Detection Strategies
- Review Gitea application logs and reverse proxy access logs for HTTP DELETE calls against /releases/ paths and correlate with the acting user identity.
- Enable and monitor Gitea's built-in action feed and admin audit logging for release deletion events across all repositories.
- Compare current release inventories against known-good snapshots or upstream mirrors to identify missing releases.
Monitoring Recommendations
- Forward Gitea web server and application logs to a centralized SIEM or data lake and alert on release deletion events performed by non-owner accounts.
- Track anomalous rates of release deletion across the Gitea tenant, especially from single source IPs or API tokens.
- Alert on release deletions occurring outside of change windows or performed by service accounts not associated with release automation.
How to Mitigate CVE-2025-68938
Immediate Actions Required
- Upgrade all Gitea instances to version 1.25.2 or later, as published in the Gitea v1.25.2 release.
- Inventory internet-facing Gitea deployments and prioritize patching those exposed to untrusted networks.
- Audit recent release deletion activity across repositories to identify any unauthorized removals prior to patching.
Patch Information
The Gitea project fixed the authorization check in version 1.25.2. The relevant change is included in pull request #36002, which enforces correct permission validation on the release deletion code path. Administrators should review the Gitea 1.25.2 release announcement for full upgrade notes.
Workarounds
- Restrict network access to the Gitea web interface and API using a reverse proxy, VPN, or IP allow-listing until the patch is applied.

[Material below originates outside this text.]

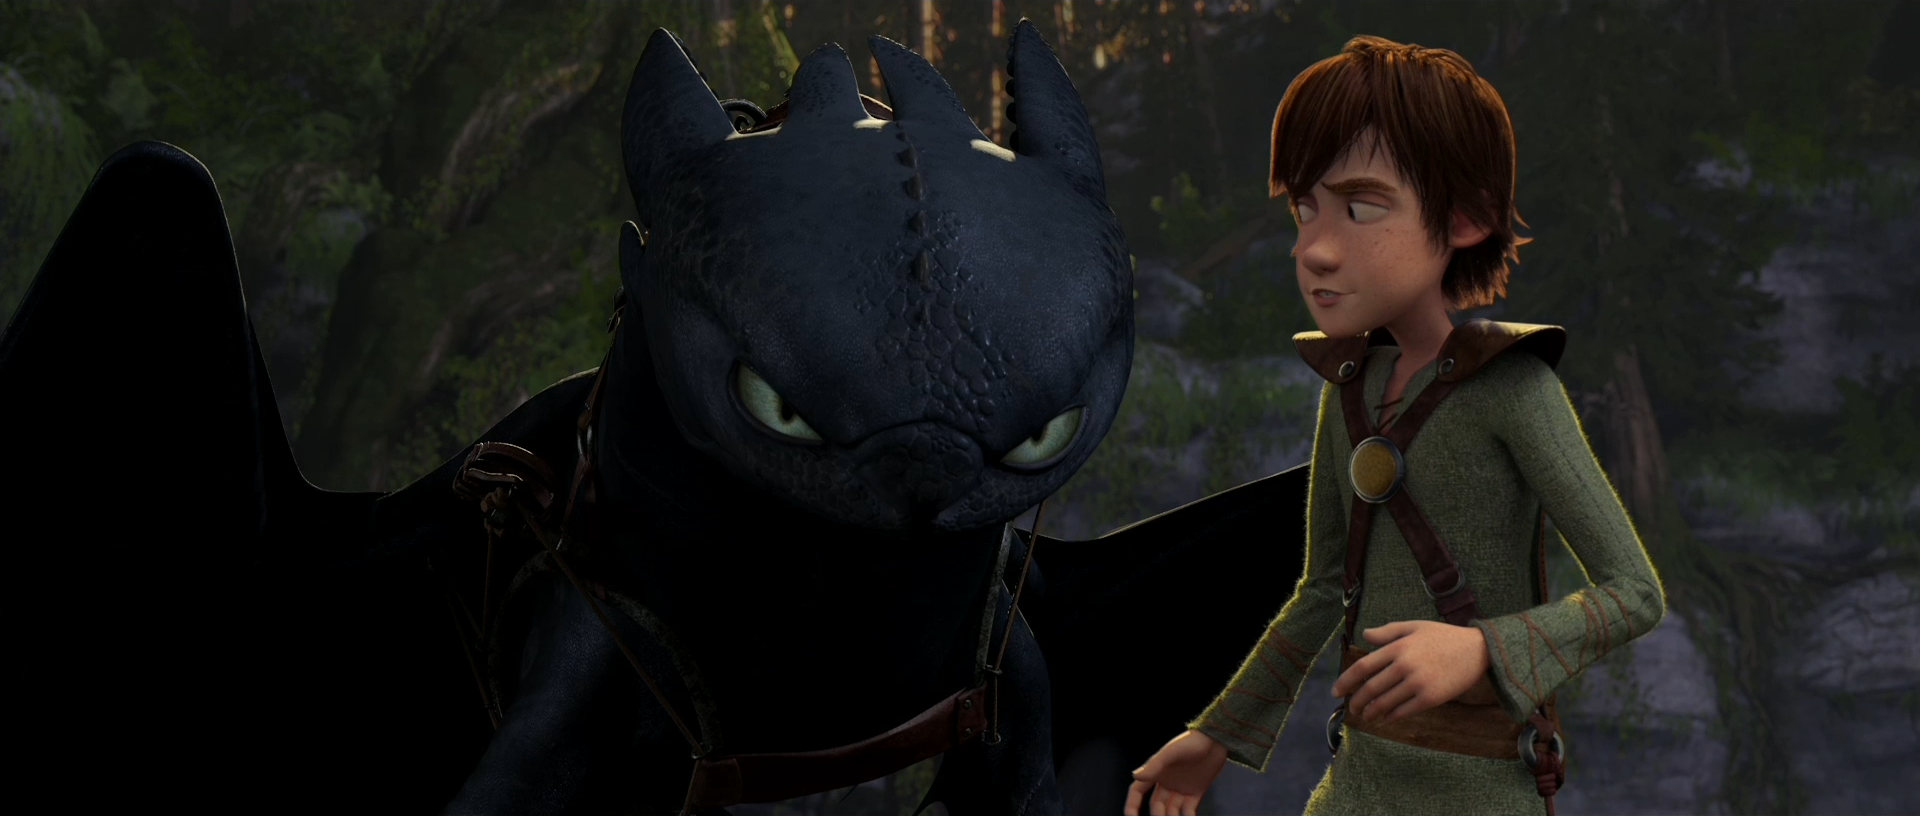 Hiccup And Toothless Wallpaper By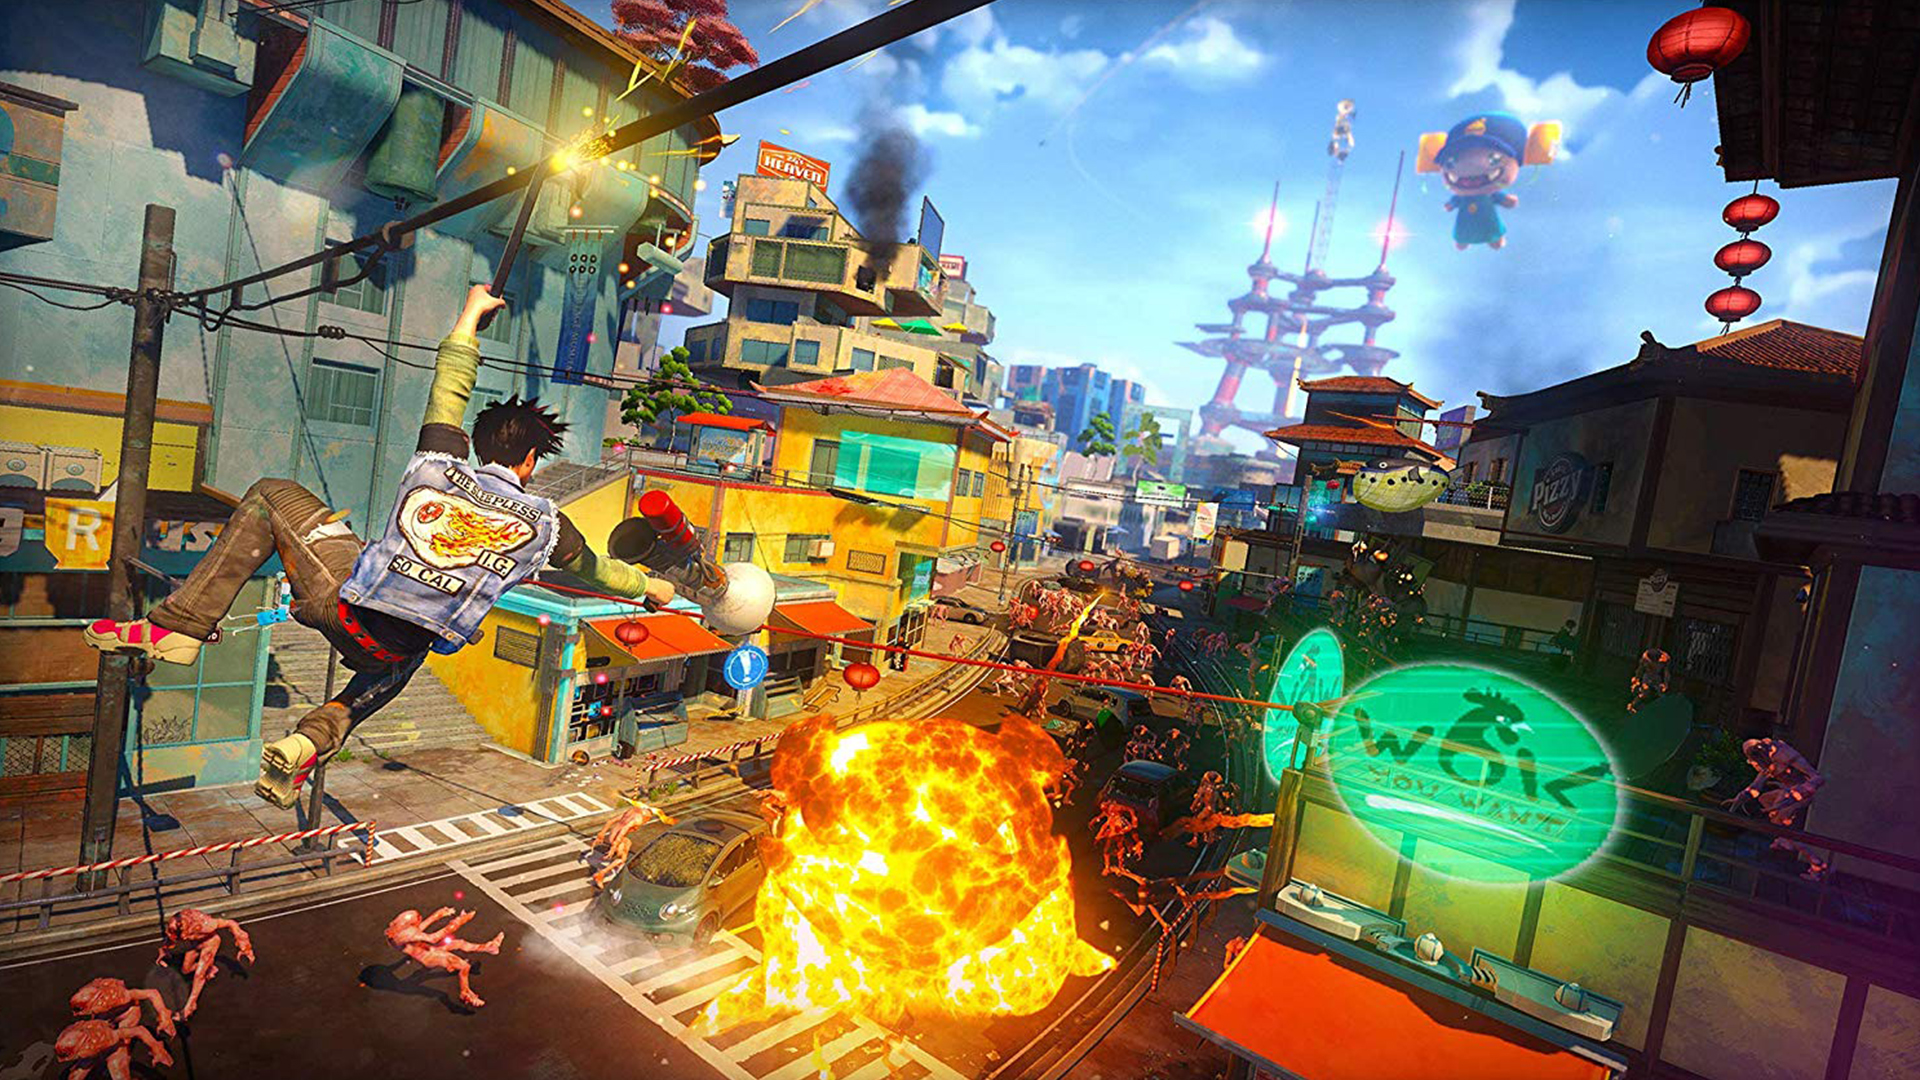 Sunset Overdrive is coming to Steam and Windows Store today

- Reduce the number of accounts with write access to repositories to limit the blast radius of authorization mistakes.
- Back up release metadata and artifacts to an external location so that removed releases can be restored if abuse is detected.
# Example: verify installed Gitea version and upgrade to 1.25.2 or later
gitea --version
# Docker-based upgrade example
docker pull gitea/gitea:1.25.2
docker stop gitea && docker rm gitea
docker run -d --name gitea \
-p 3000:3000 -p 222:22 \
-v /var/lib/gitea:/data \
gitea/gitea:1.25.2
Disclaimer: This content was generated using AI. While we strive for accuracy, please verify critical information with official sources.